So, that's how we're doing that. I'd originally started working on this in C++, because the original program was written in C and I don't know C, but after much irritation (I hate C++), I rewrote it in JAVA. I've got the stuff working on my craptop, and I was hoping to clean up the code a bit at the beta lab today, but I'm having a bit of trouble actually shifting my files to those computers... The craptop decided to be ornery and wouldn't let me dial in, so I brought it here, and discovered I'm having a heck of a time logging on here as well sigh Such is life...
Top


June 14, Week 3

Well... Just had a meeting with Anne today. She's been off at a conference in Florida. She spoke to another guy from SUNY Stony Brook who's just about to publish a paper doing well, exactly what we're working on, except limited to words of length 3 and extended to more than two branches at a time.

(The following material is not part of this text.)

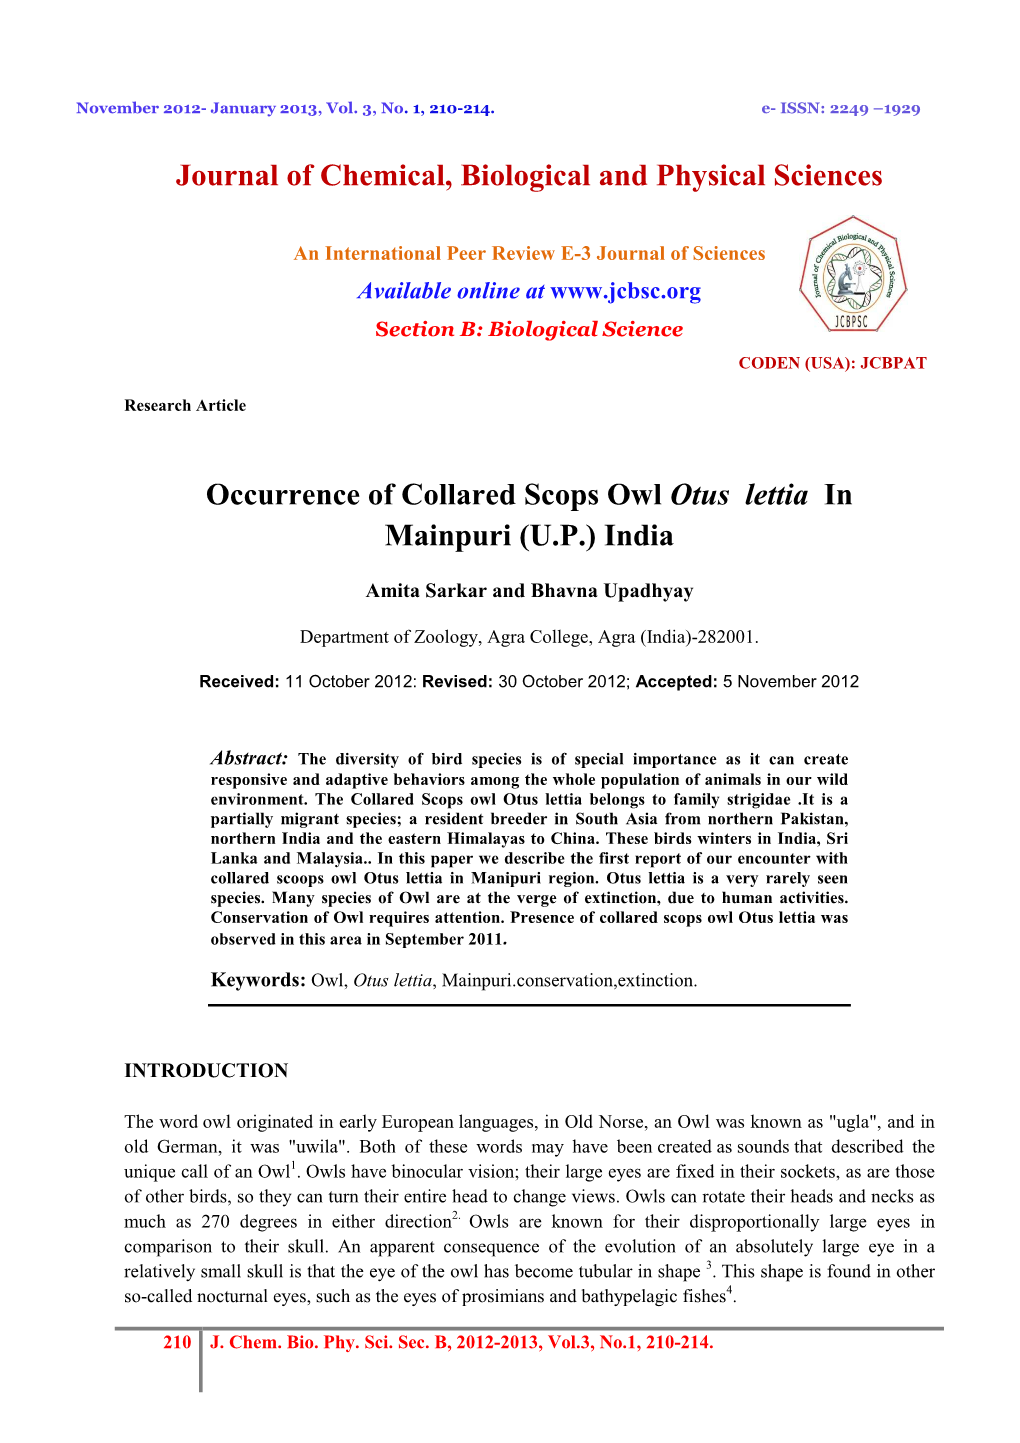 Occurrence of Collared Scops Owl Otus Lettia in Mainpuri (U.P.) India

We're waiting to hear back from this guy now to see if he'll let us see his code or whatnot, and maybe extend them. So, I won't be cleaning up my code today as it's now pretty much obsolete, I'll be working on typing an explanation of the base functions eH,eS,eL,eM I guess.
Top

June 23, Week 4

This week, we got the code from the SUNY-SB people (Barry and Steve). At first attempt, it didn't compile, but that was easily fixed with modifications due to platform dependencies. We spent quite some time tracing the code, making sure we had a good enough idea how to get it work for our stuff. We're still having problems making the program work with a protein input instead of a straight RNA strand. Hopefully we can get that to work. So that's the tone for this week: Code tracing. Although I must say, it really is quite pretty code. It's easy to read and doesn't make my eyes go crossed trying to figure out the typedefs and names and such. I'm also learning the ins and outs of Makefile and compiling with something a bit more complicated the visual studio. Sometimes it's amazing what knowledge you just don't pick up.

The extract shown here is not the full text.